What needs to be done:
Output everything in the data exactly, leaving the pictures out.

Source material:
-=-=-=-=-
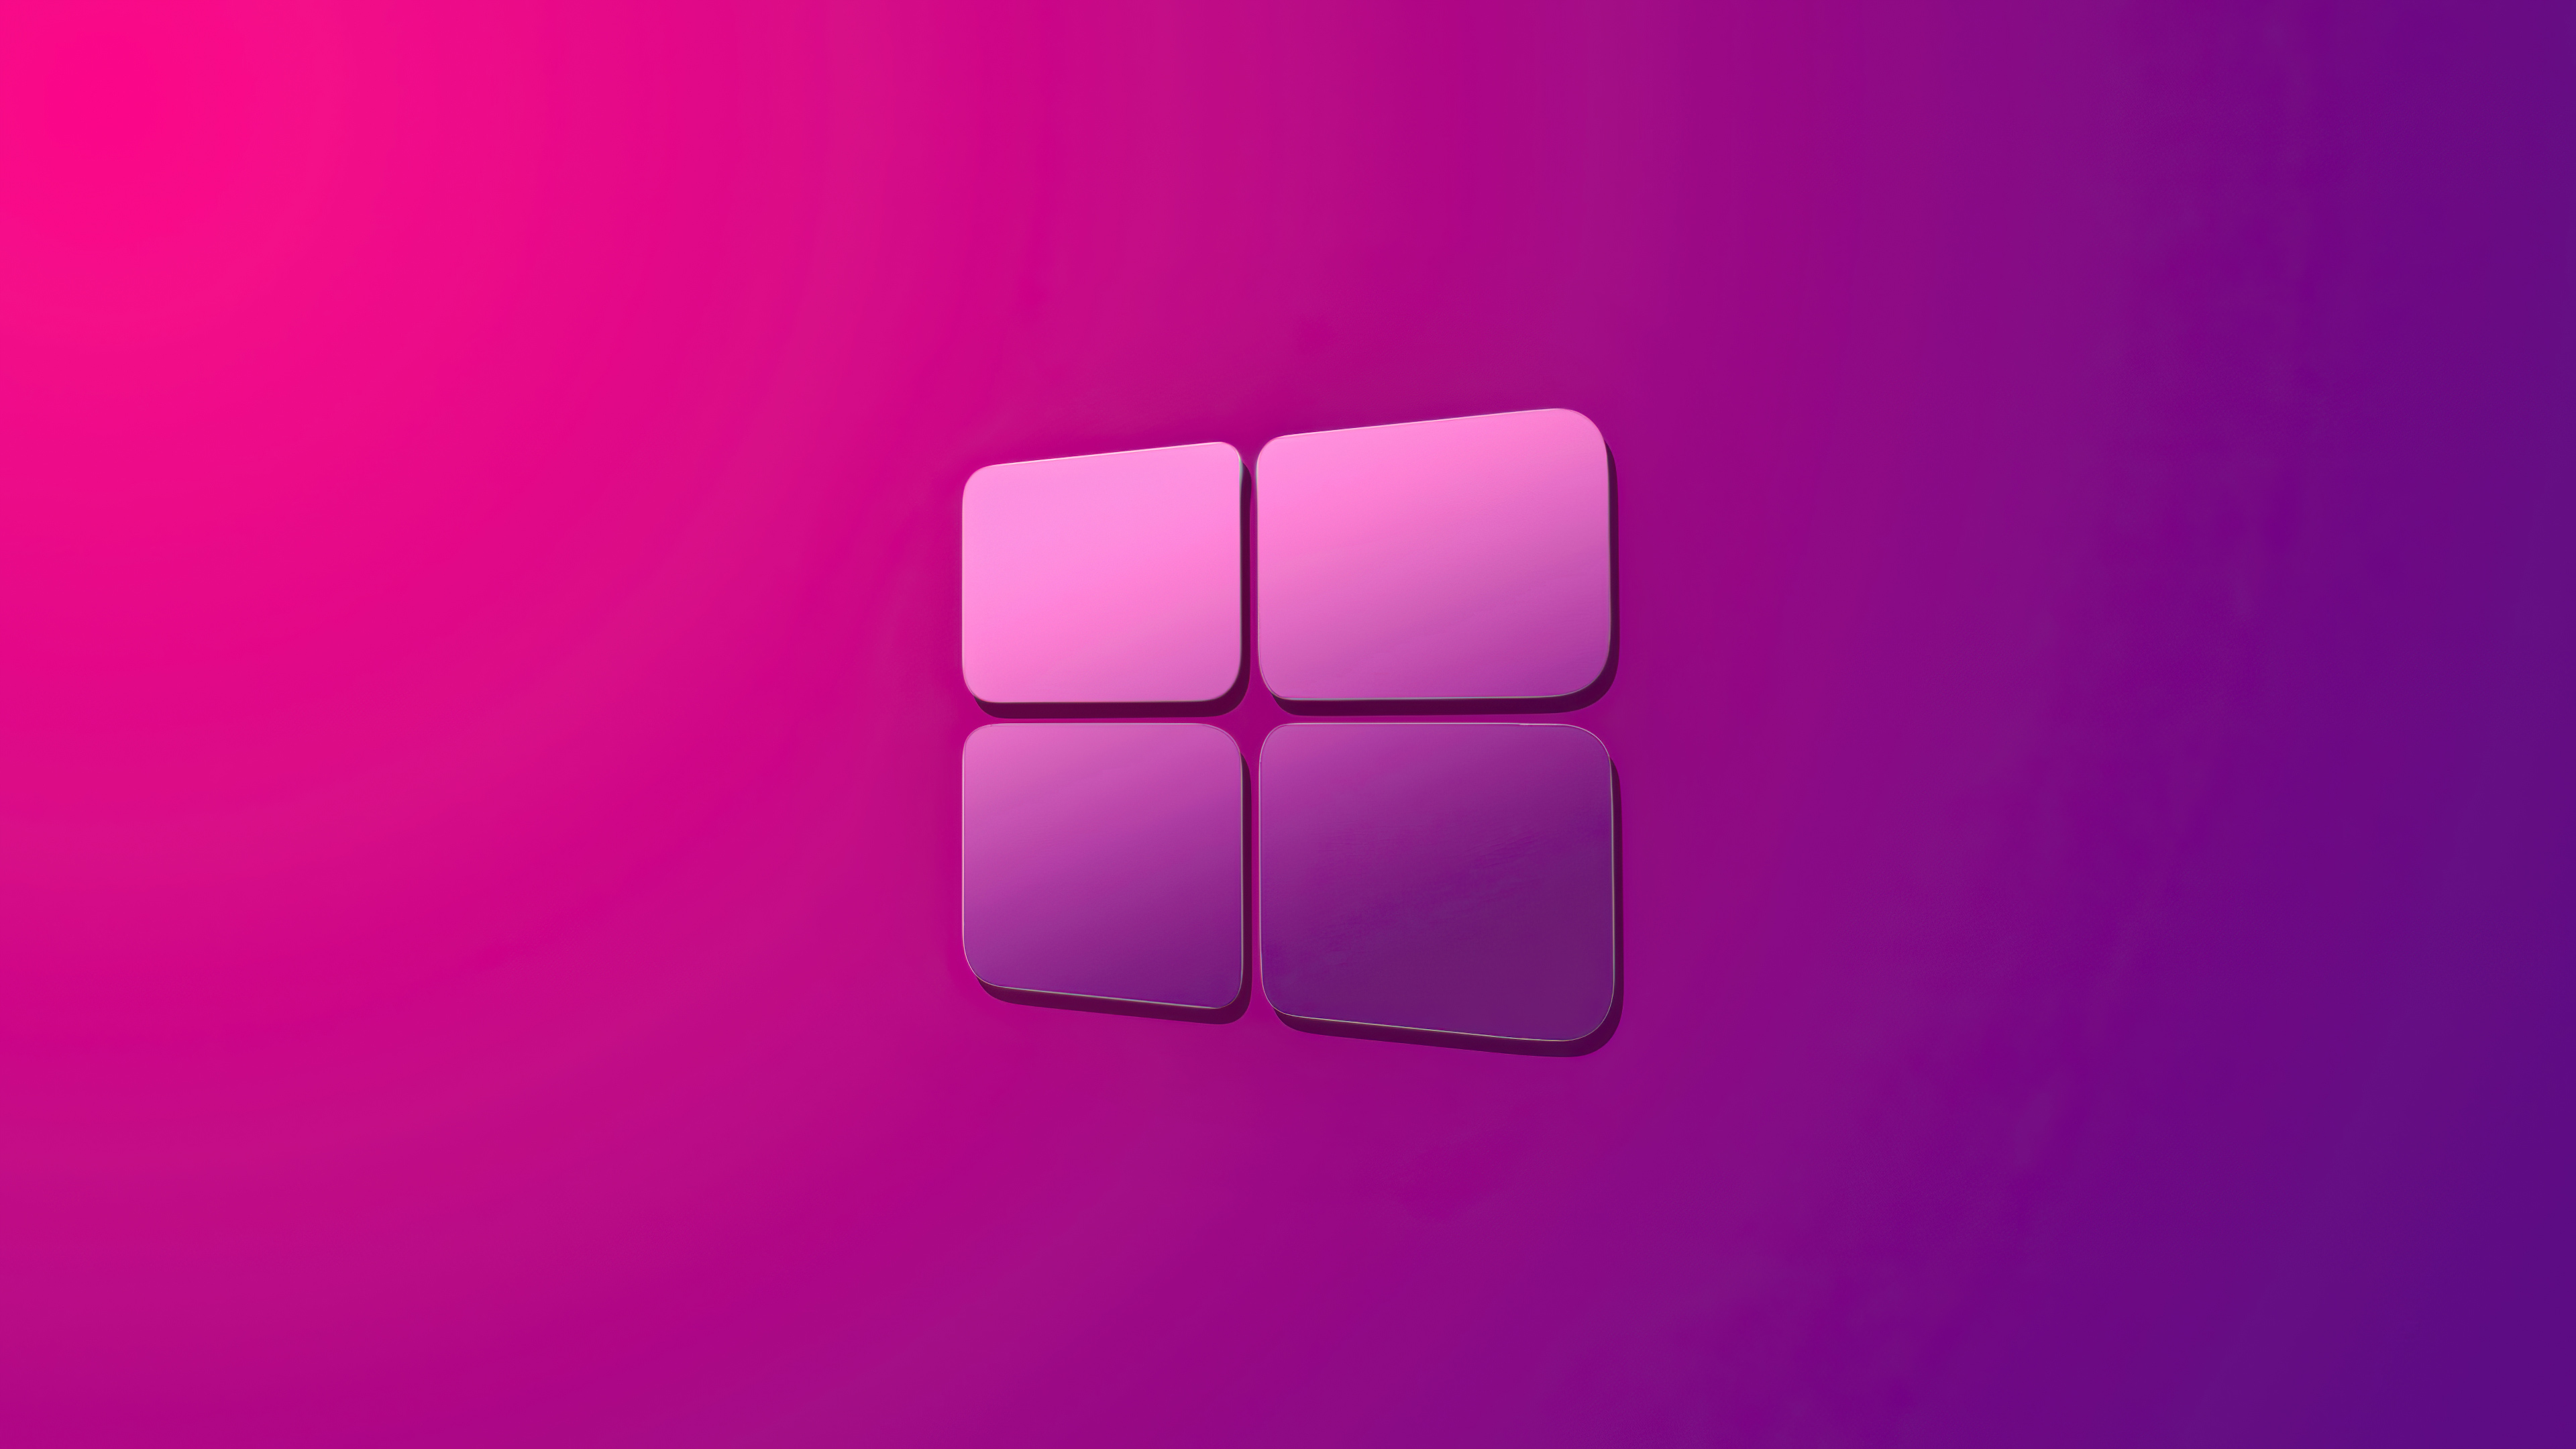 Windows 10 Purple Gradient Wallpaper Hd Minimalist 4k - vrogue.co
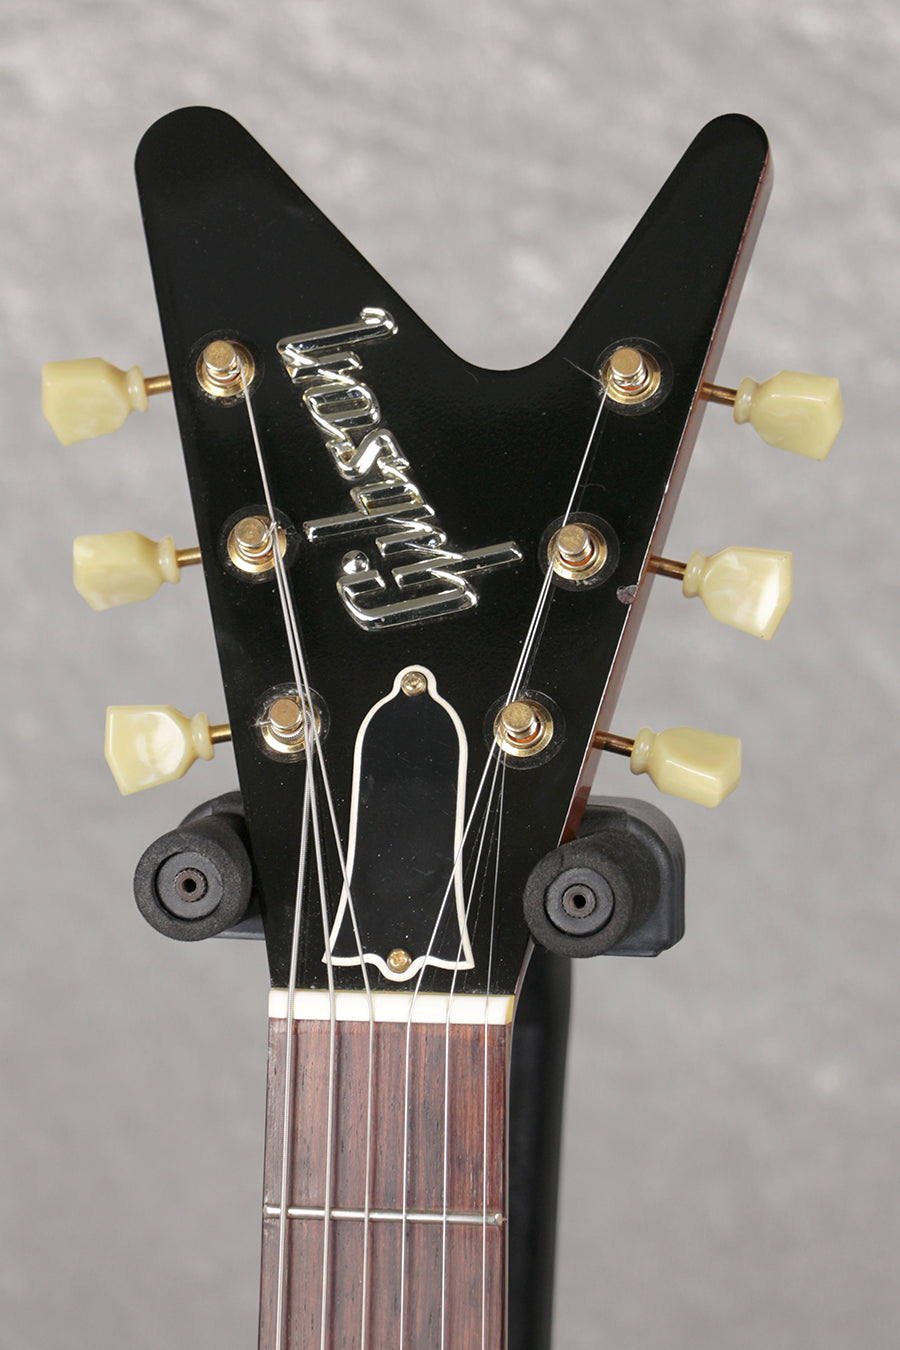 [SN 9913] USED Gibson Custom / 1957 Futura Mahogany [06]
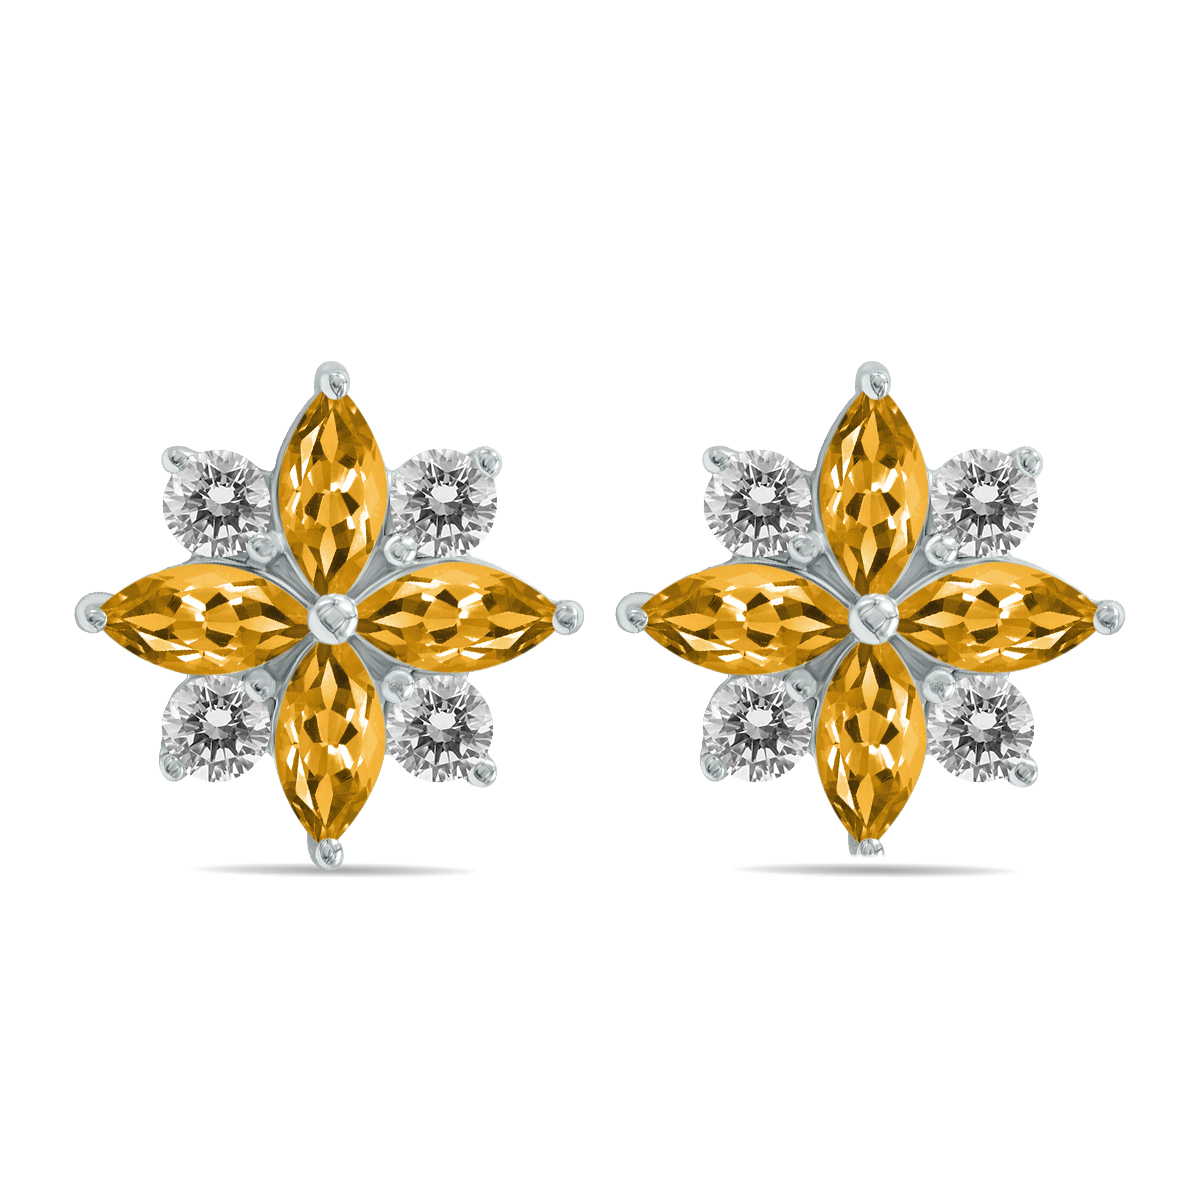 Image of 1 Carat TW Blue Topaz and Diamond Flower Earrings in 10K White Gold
-=-=-=-=-
Task output:
 Windows 10 Purple Gradient Wallpaper Hd Minimalist 4k - vrogue.co
 [SN 9913] USED Gibson Custom / 1957 Futura Mahogany [06]
 Image of 1 Carat TW Blue Topaz and Diamond Flower Earrings in 10K White Gold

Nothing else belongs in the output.